# Calculating Aa% For Homegrown Hops



## jasonharley (5/4/11)

Greetings

How do you calculate AA% for homegrown hops?

I am keen to 'grow my own' but concerned about overdoing the hops in a brew. Also I live in Brisbane ... what is the best hops to get that will grow locally ?

Cheers

5 eyes


----------



## raven19 (6/4/11)

I prefer to use my home grown hops later in the boil (with known AA hops at 60mins) - hence if the AA is out by a fair degree it wont ruin a good beer.

In saying that, you can aim for a mid point AA of whichever hop type you have.
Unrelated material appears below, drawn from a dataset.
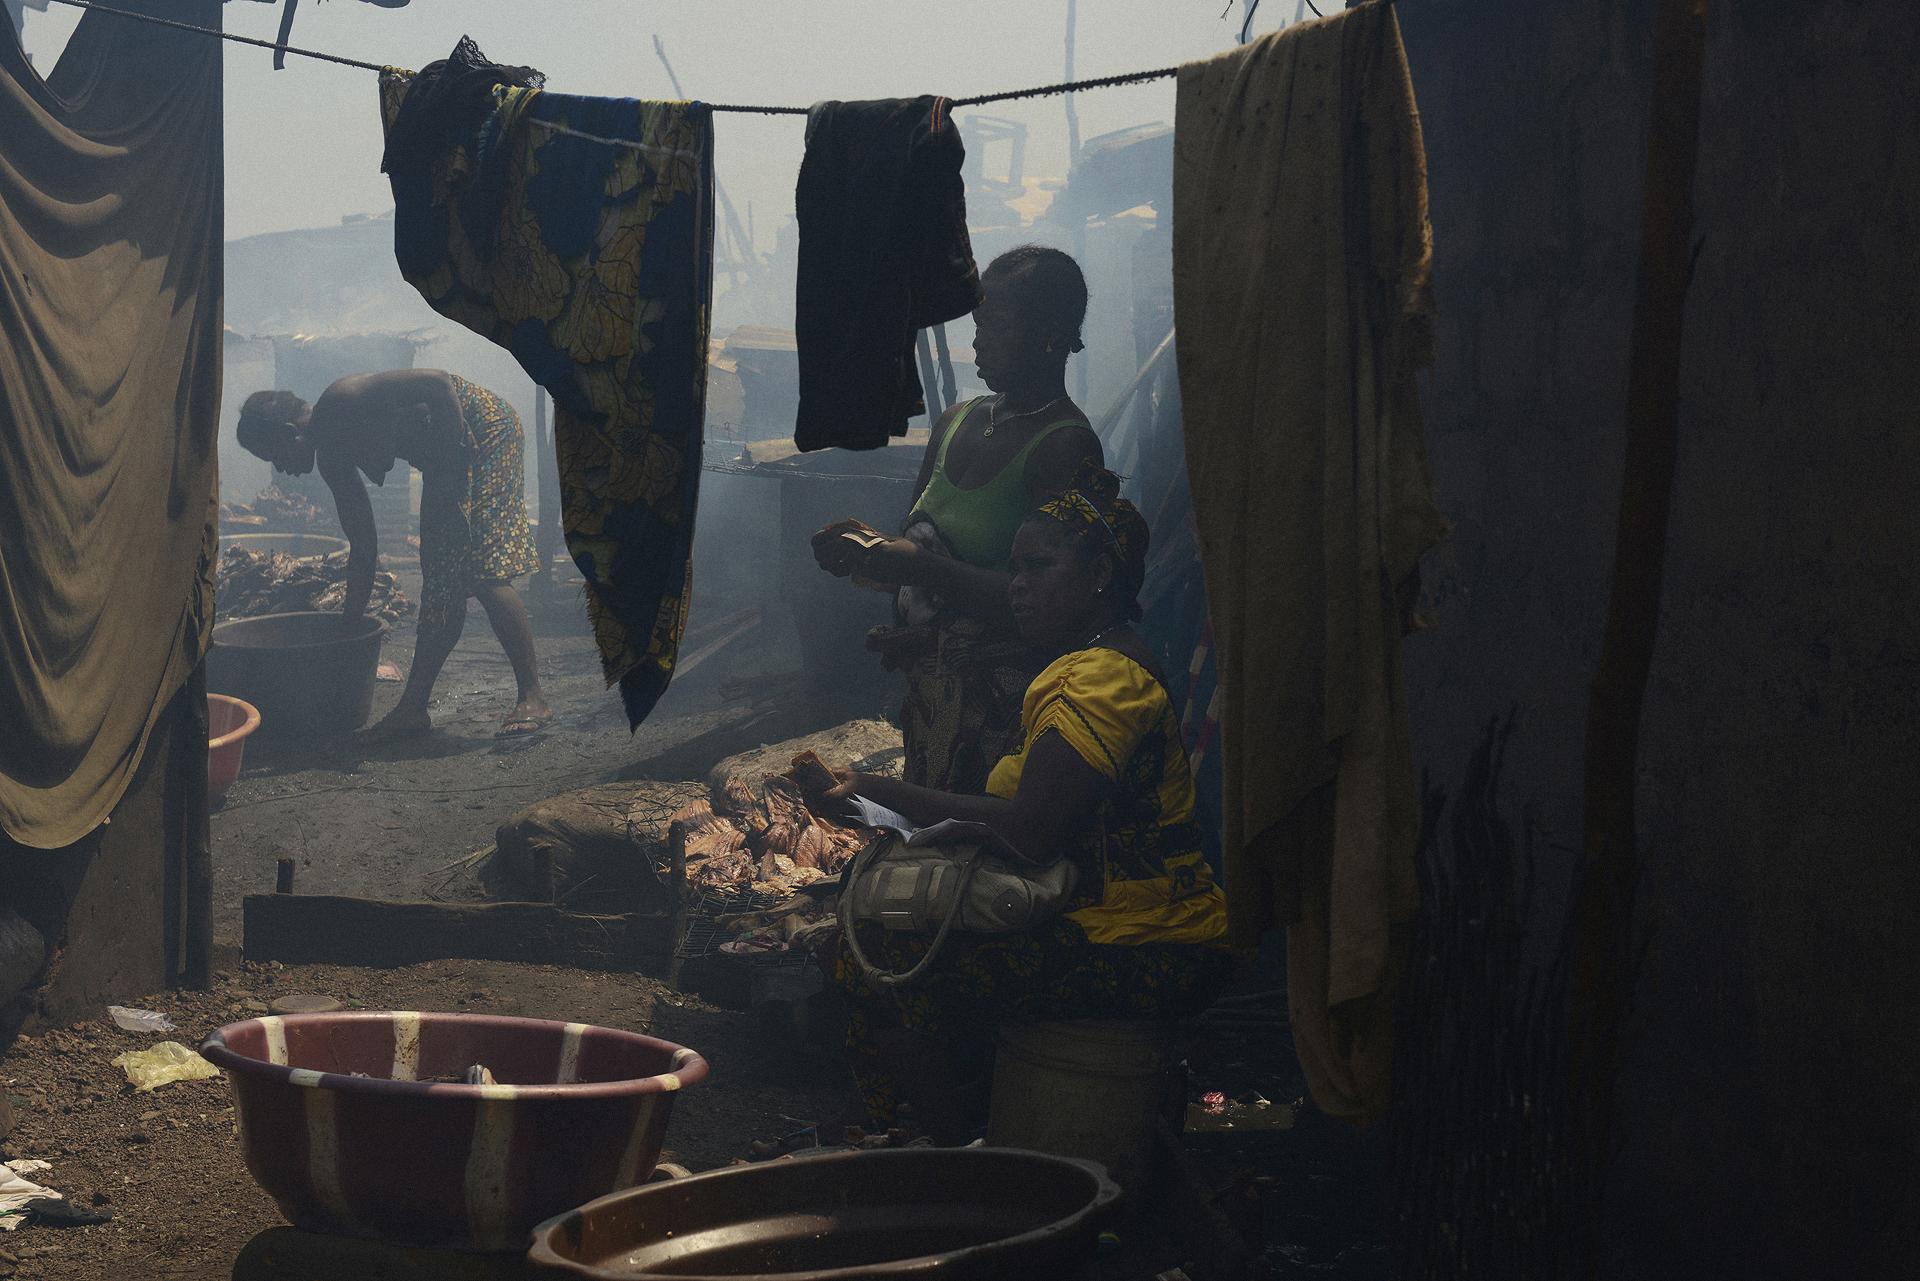 Sierra Leone. Freetown. La capital es una ciudad altamente poblada. La densidad de población y los suburbios ayudaron en la propagación del virus del ébola. También contribuyó la falta de higiene y las tradiciones y constumbres ancestrales y religiosas, como la de lavar y tocar efusivamente a sus muertos. Precisamente en los cadáveres es donde más activo y virulento es el ébola. En la imagen unas mujeres comercian con carne en el suburbio de pescadores de Moa Wharf que fue el epicentro del ébola en la ciudad.

A quick goodgle search found this:
Generic Hop Info linky

So for Chinook, you could estimate it at around 13%AA, however I tend to go on the lower side.

Also depends on when you picked your hops (I manage to pick mine too early this season!)


----------



## KillerRx4 (6/4/11)

raven19 said:


> In saying that, you can aim for a mid point AA of whichever hop type you have.
> 
> A quick goodgle search found this:
> Generic Hop Info linky
> ...



This is it. 
Use the mid point of the known AA range of the variety & assess/adjust based on results of the finished beer.


----------



## big78sam (7/4/11)

smurto estimates 9% for Adelaide hills grown chinook. 

I did a 10min IPA no-chilled, with melbourne grown chinook only in the cube and I allowed the cube hops as a 12 minute addition and there was virtually no bitterness in the brew. I would definitely estimate on the low side and I agree, your bittering should be with a known AA hop.


----------



## Malted (7/4/11)

big78sam said:


> I agree, your bittering should be with a known AA hop.




Where's the challenge in that?
As gets said over here a fair bit, "add more hops"... next time.


----------